Fakat açmaz bizzat köklü kimlik ve çizgi değişimindedir. Kürt sorunu reformist bir çizgiye çekilerek, “demokratik cumhuriyet” adı altında kurulu düzenle barışıp bütünleşme stratejisi benimsenerek, burjuva gericiliğinin Kürt halk kitleleri üzerindeki etkisini yeniden kurabileceği bir zemin bizzat Kürt hareketi tarafından yaratılmıştır. Bu değişim Kürt halk kitlelerini yeniden düzenden ve emperyalist odaklardan bir şeyler bekler hale getirmiştir. Güney Kürdistan’da olayların seyri bunu ayrıca güçlendirmiştir. AKP’nin Kürt sorunu konusunda yarattığı belli belirsiz duyarlılık izleniminin bu denli kolay büyük bir siyasal etkiye dönüşebilmesi bundan ayrı değildir. Artık sözkonusu olan Kürt sorununun gerçek özgürlüğe ve eşitliğe dayalı köklü devrimci çözümü değil fakat sınırlı reformlarla bir parça tatmin edilmesidir. Böyle olunca, bu konuda bir şeyler yapabileceği izlenimini veren ve politik gücü de buna daha çok elverişli görünebilen bir gericilik odağı, tüm öteki avantajlarıyla birlikte bir anda ilgi ve umut kaynağı haline gelebilmektedir. Hele de halen Güney Kürtleri’nin hamisi durumundaki ABD’nin desteğine de sahipse ve onun bölgesel Kürt politikasıyla uyumlu hareket etmeye eğilimliyse... Özetle, Kürt sorununun düzen sınırları içinde çözülebileceği ve çözülmesi gerektiği düşüncesi, sorun üzerine söz söyleyebilen herhangi bir düzen partisi için bir anda geniş bir potansiyel etki alanı açabilmektedir.
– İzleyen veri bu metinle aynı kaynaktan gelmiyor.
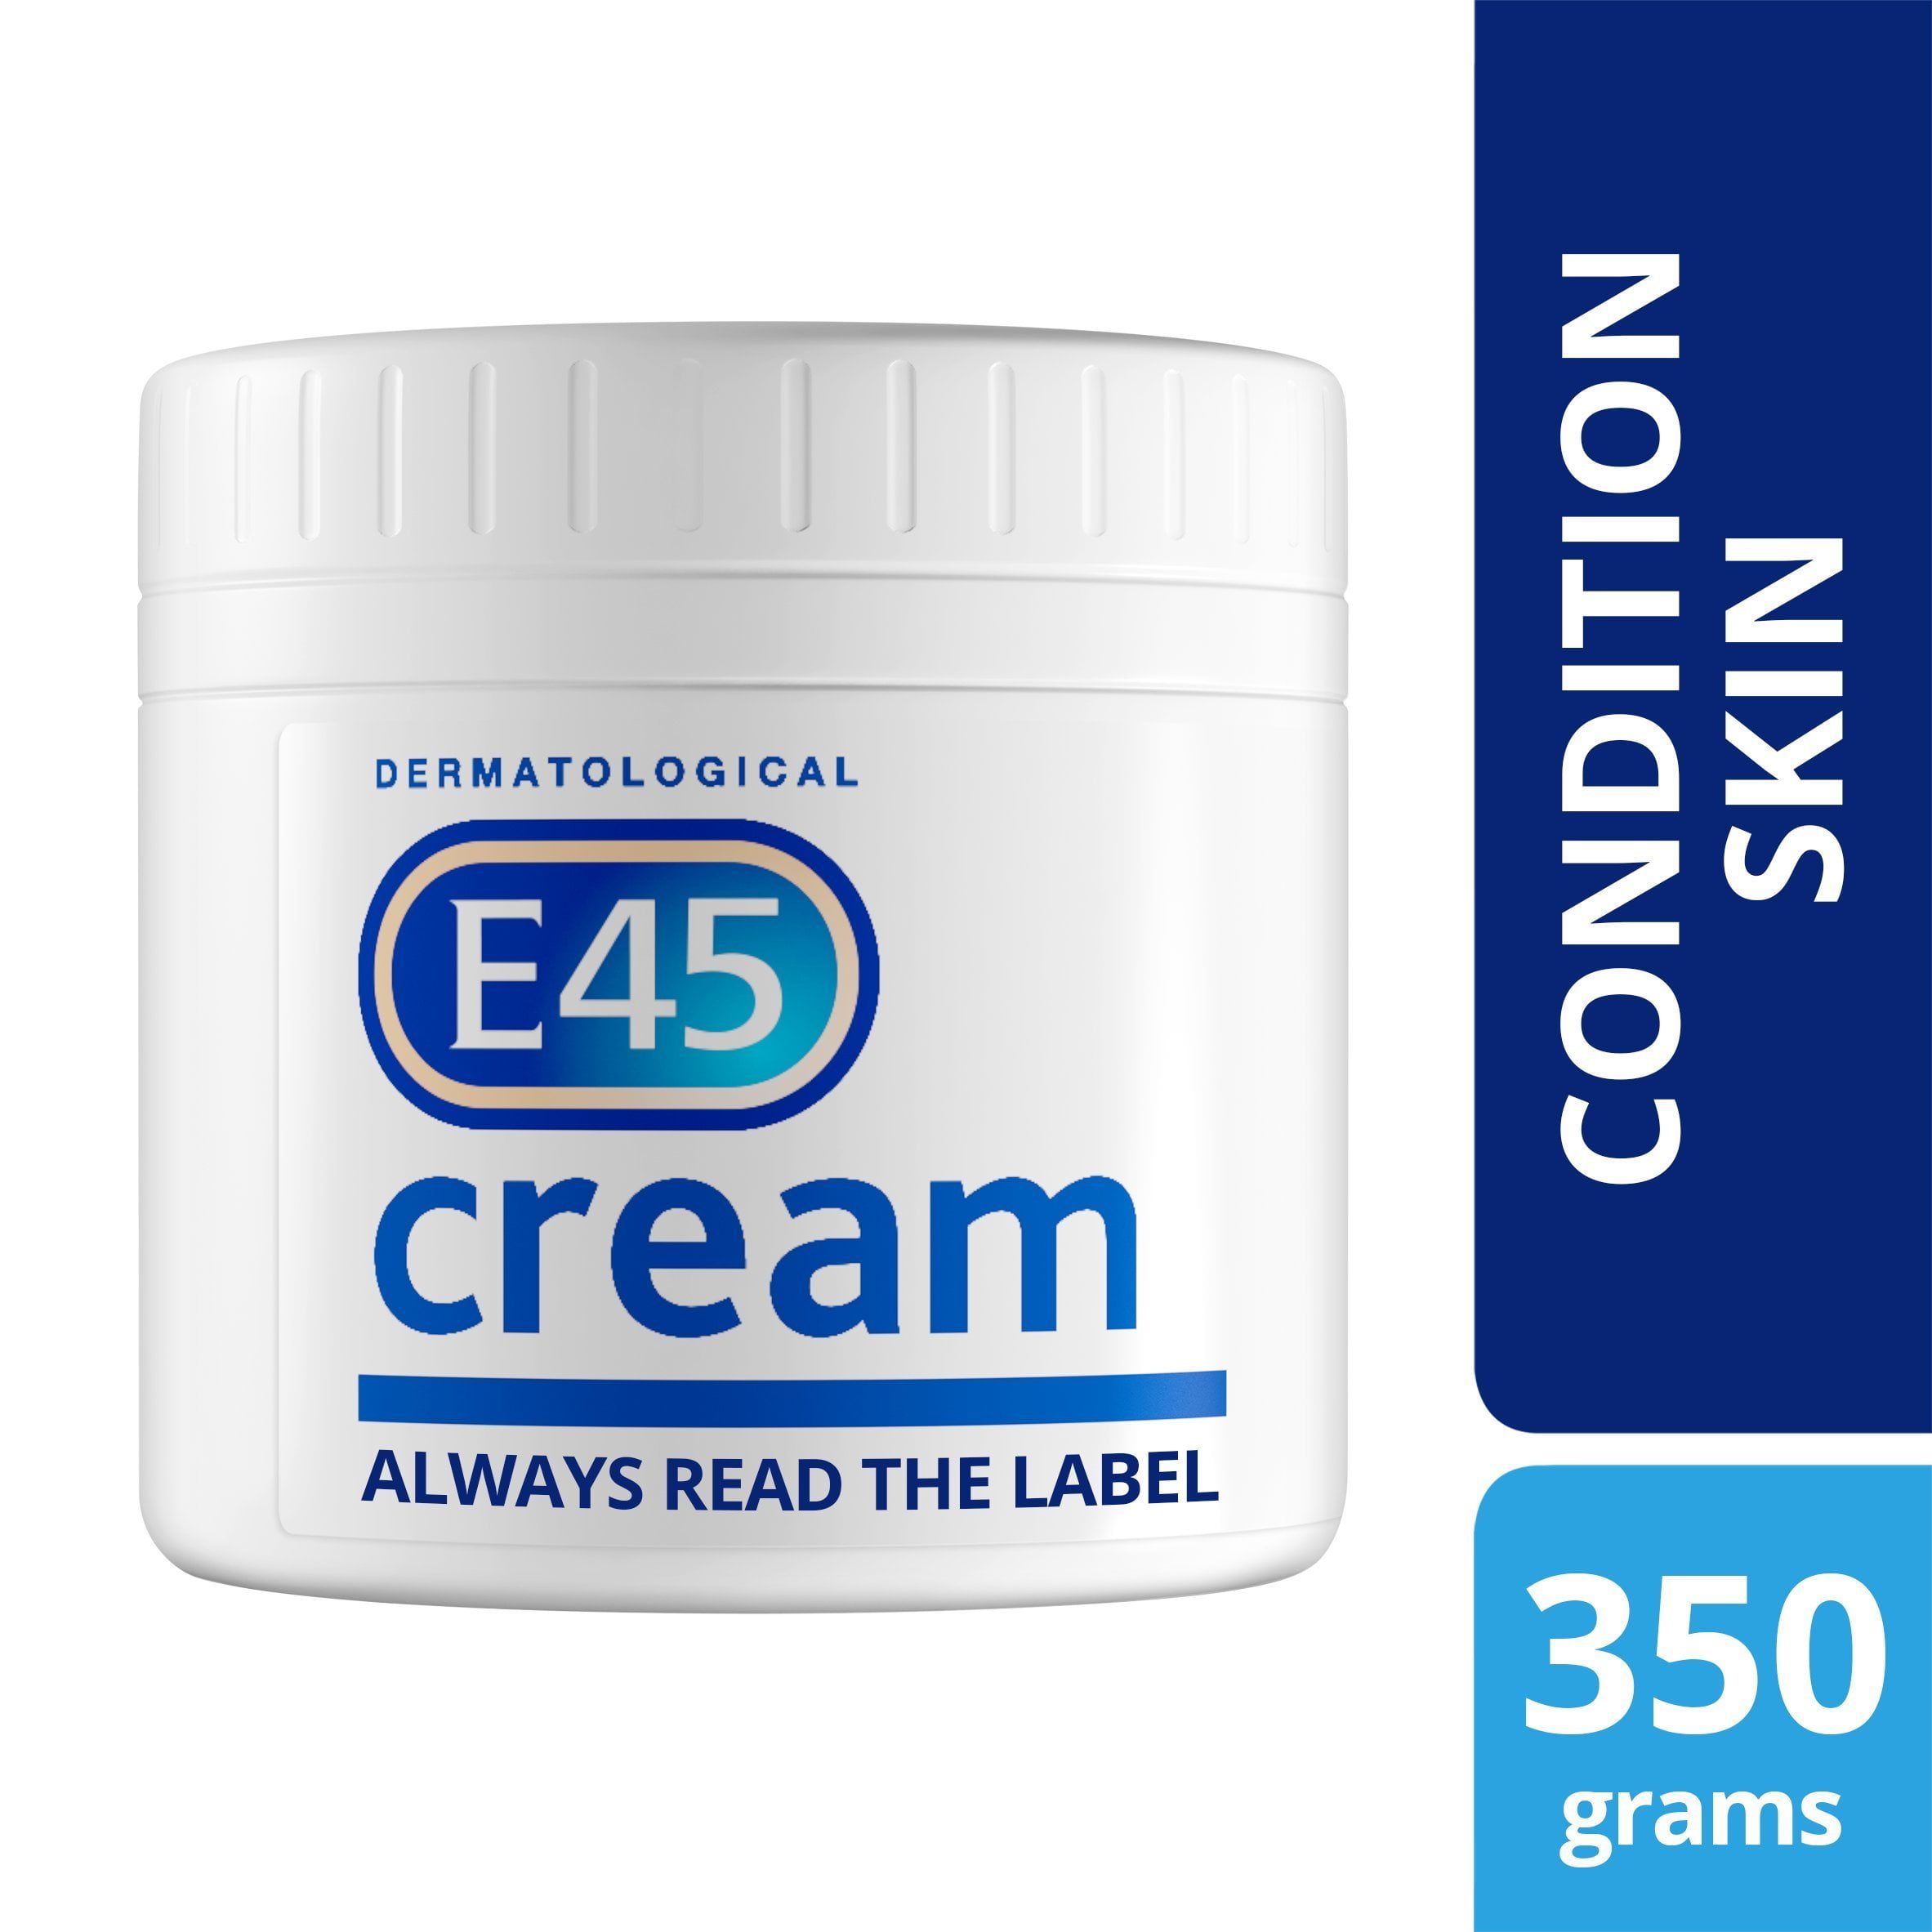 Купить крем 45. E 45 Cream. E45. Dermatological.

Açmazın bir başka yönü, Kürt emekçi kitlelerinin sınıfsal çıkar, özlem ve ihtiyaçları ile ilgilidir. Kürt hareketi, erken bir zamandan itibaren fiilen herşeyi ulusal istem ve özlemlere indirgediği için, devrimci ulusal kimliğini koruduğu dönemde bile bu alanda fazlası ile sorunlu idi. Reformist çizgiye geçtiği andan itibaren bu bir başka yapısal açmazdır artık. Mevcut çizgi düzeni aşmamaktadır ve burjuva sınıf kimliğine denk düşmektedir. Fakat hareket buna rağmen halen kitle desteğinin esasını Kürt halkının en yoksul katmanlarından almaktadır. Oysa yeni çizgi temelinde bu katmanlar için yapabileceği pek az şey vardır, fiilen ise hemen hiçbir şey yapmamaktadır. DTP’nin özeleştirisinde buna da yer verilmektedir, ama klasik burjuva politikasının sosyal demogoji silahının ötesine geçilecekse eğer, gerçekte ne yapabileceğine ilişkin olarak da halen bir açıklık yoktur. ABD ve AB’nin dayatmalarına etkin bir biçimde karşı çıkmadan, demokrasi ve Kürt sorunu konusunda hala da çözücü umut kaynağı olarak görülebilen İMF patentli TÜSİAD politikalarına karşı çıkmadan bu alanda ne yapılabilir ki? “Yerel iktidarlaşma” mevzileri olarak görülen belediyeler ise hükümetlerin boğucu kuşatma politikası koşullarında en sıradan hizmetleri bile vermekte zorlanmakta ve böylece Kürt yoksullarındaki umutsuzluğu derinleştirmektedirler. Bizzat DTP’nin oy kaybını aynı zamanda belediyelerin emekçiler payına hiç de tatmin edici olmayan icraatlarına bağlamaları da bunun bir itirafıdır.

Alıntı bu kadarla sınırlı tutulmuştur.